How MySQL supports data collection and analysis

Frequently I scrape textual data from the Internet or digital documents (e.g. pdfs) and combine these data with some other data for an analysis. I usually use not only Python for scraping/refining, but also R. And usually I also switch between both environments during data collection, refining and analysis. A typical workflow goes like this: Scrape the data and make a basic cleanup (strip html etc.), send the data to R for some data aggregation and re-structuring (merge with other data etc.), send the data to Processing to make some nice interactive graphics (if necessary) and finally go back to R and run a model. The key question is: How to exchange the data between these three environments? The most obvious answer: Use csv-files. But in my experience, a local MySQL database is more useful, since then it is easier to:

  • subset the data and selectively import / export data to / from each environment
  • directly search the data without importing the full dataset (e.g –> R is super-slow in searching text vectors)
  • separate tables in a MySQL database can be used to make every refining step reversible
  • easy to migrate the data to the web

Of course, all these advantages only apply if you work with big datasets. One the other hand, if you work with textual data, you certainly quickly approaching “big”.

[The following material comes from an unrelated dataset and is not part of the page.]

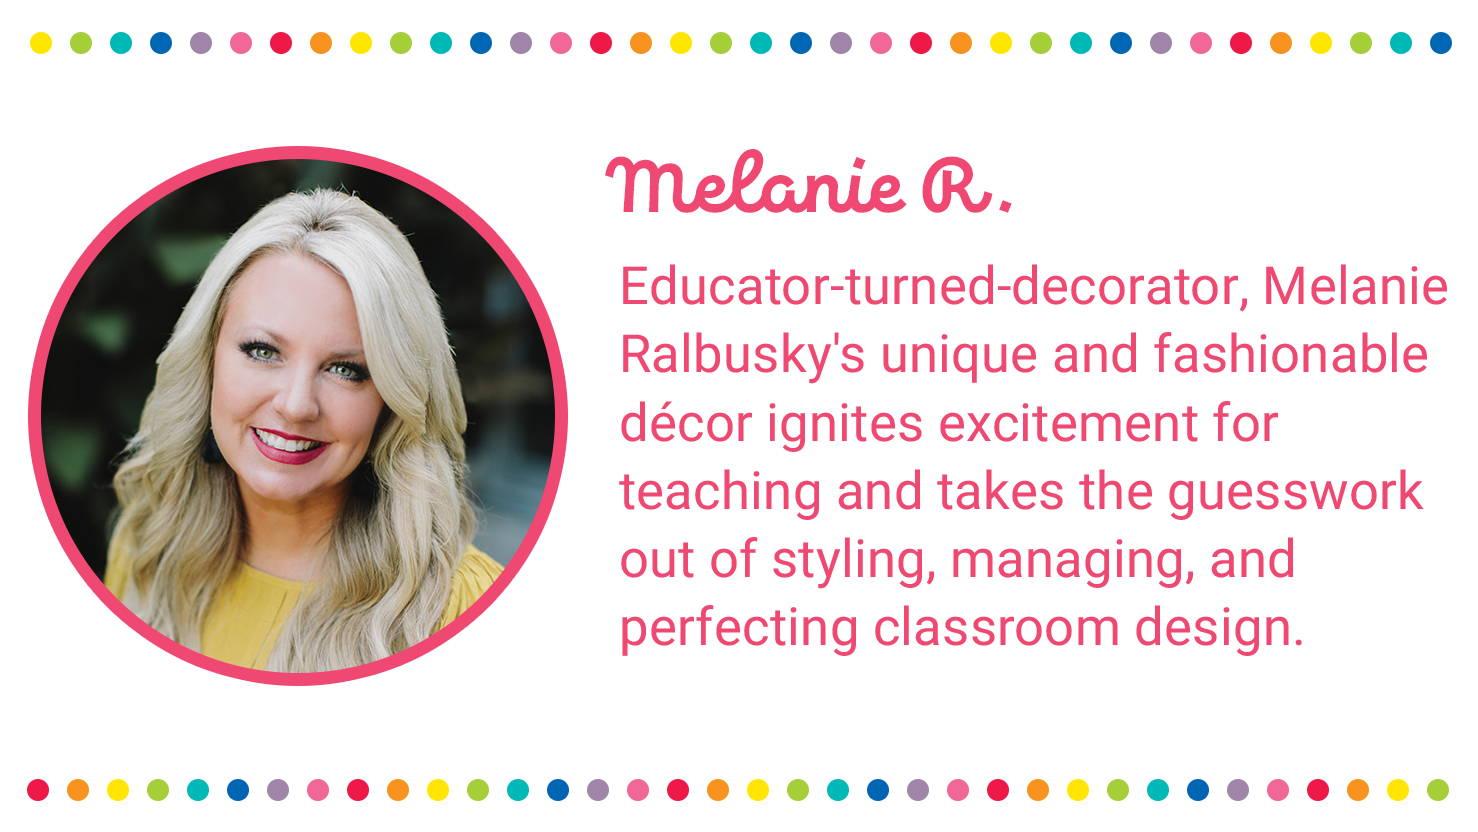 Melanie Ralbusky's Schoolgirl Style Classroom Decorations

There are tons of tutorials in the web, explaining how to use set-up MySQL and use it with Python, R and Processing. Here is a list of those that I found most helpful at the beginning:

Some hints:

  • Install the 5.1. Version of MySQL – not the 5.5! Looks like that the new version has some bugs (see also here). After installation my MySQL server didn’t start at all.
  • If you get an error while installing MySQL-Python (the driver to connect from Python to MySQL) via easy_install, use this (replace XYZ with your MySQL Version!): PATH=$PATH:/usr/local/mysql-XYZ/bin sudo easy_install -Z MySQL-python No worries, this is only modifying your PATH once – not permanently! (Source)
  • if you want to play around without installing MySQL, download XAMPP and create a socket using sudo ln -s /tmp/mysql.sock /Applications/XAMPP/xamppfiles/var/mysql/mysql.sock That way R/Python/Processing can connect to it.